By Brian Klingbeil, MD EMEA, Savvis
Last year’s economic downturn has seen traditional ‘DIY’ organisations radically reassess their approach to IT management. Many enterprises have starting to shift budgets to flexible, service led purchasing of IT infrastructure as they identify that moving to managed infrastructure can reduce capital expenditure and costs whilst increasing business flexibility.
Enterprises are also evaluating if this is the time to shift to cloud based infrastructure so as to capitalise quickly on the recovery opportunity. IT professionals are also learning how to assess which elements of their architecture are ripe for taking into the cloud.

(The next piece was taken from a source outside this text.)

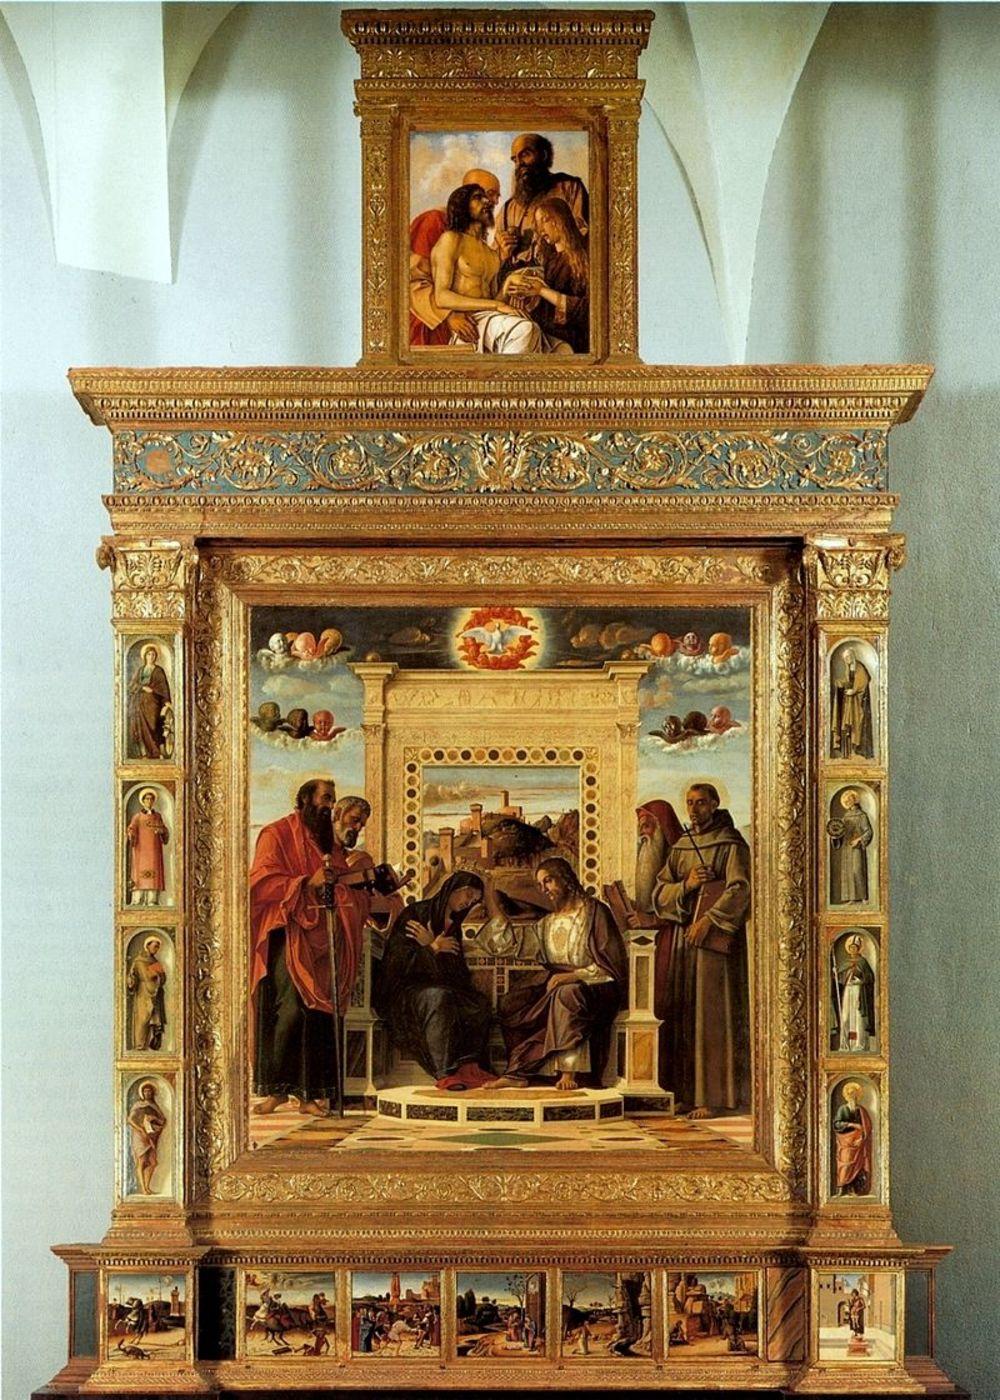 Беллини. Алтарь Пезаро. 1470-80. Пезаро, Городские музеи.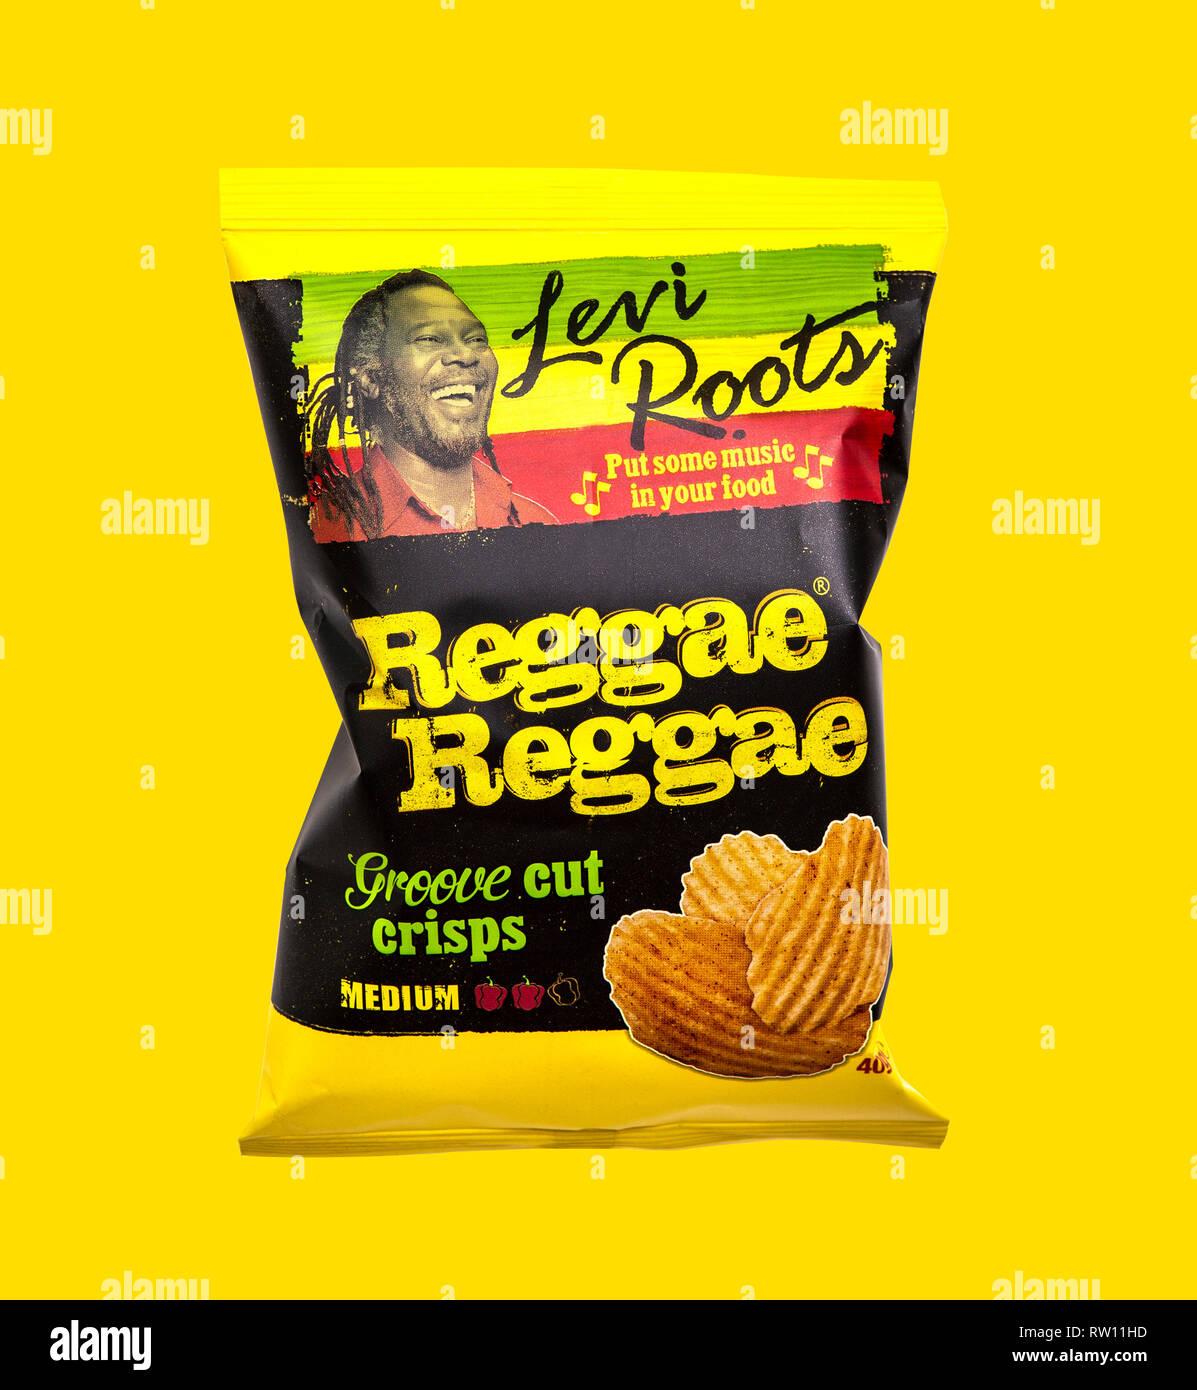 SWINDON, UK - MARCH 3, 2019: Levi Roots Reggae Reggae Groove cut crisps on a yellow background - Stock Image

2010 is the year for Cloud Seeding. Those ‘in the know’ understand that you can now trust the cloud with mission critical applications, meaning enterprise cloud adoption will start in earnest this year. Making the right decision on when to shift to cloud based infrastructure is very important as it will then help businesses to capitalise from the beginnings of the upturn and insulate themselves somewhat from the risk of a W shaped recovery. With enterprises commencing their engagement their first cloud projects, they begin to understand better the benefits of cloud computing.
The benefits for Cloud Computing as we all know are enormous, including cost-effective approaches to some of the common key challenges that confront IT organizations on a daily basis such as
• How can we provide a better end-user experience at the lowest cost?
• How can we meet availability and other SLA-based requirements?
• How can we deal more effectively with the outages that will inevitably occur?
That said, IT professionals evaluating cloud services must understand the policy implementation mode they are buying into. They need to think about how much control they need at the resource, application and operational levels – and then make sure that it’s available. Organisations and IT leaders that take an over-simplified view of cloud computing and commit to it without fully understanding the implications of such a move risk making things worse instead of better.
Moving forward, the year 2010 will be the centred around cloud governance. IT organisations need to fully understand the implications of a move towards Cloud Computing rather than dive in without a plan. Only when IT professionals stay on top of the cloud by fully understanding the implications of a move towards Cloud Computing, possess a detailed understanding of decision-making policies across resources, applications and operations, then will they be able to look forward to reaping the much anticipated rewards of Cloud Computing.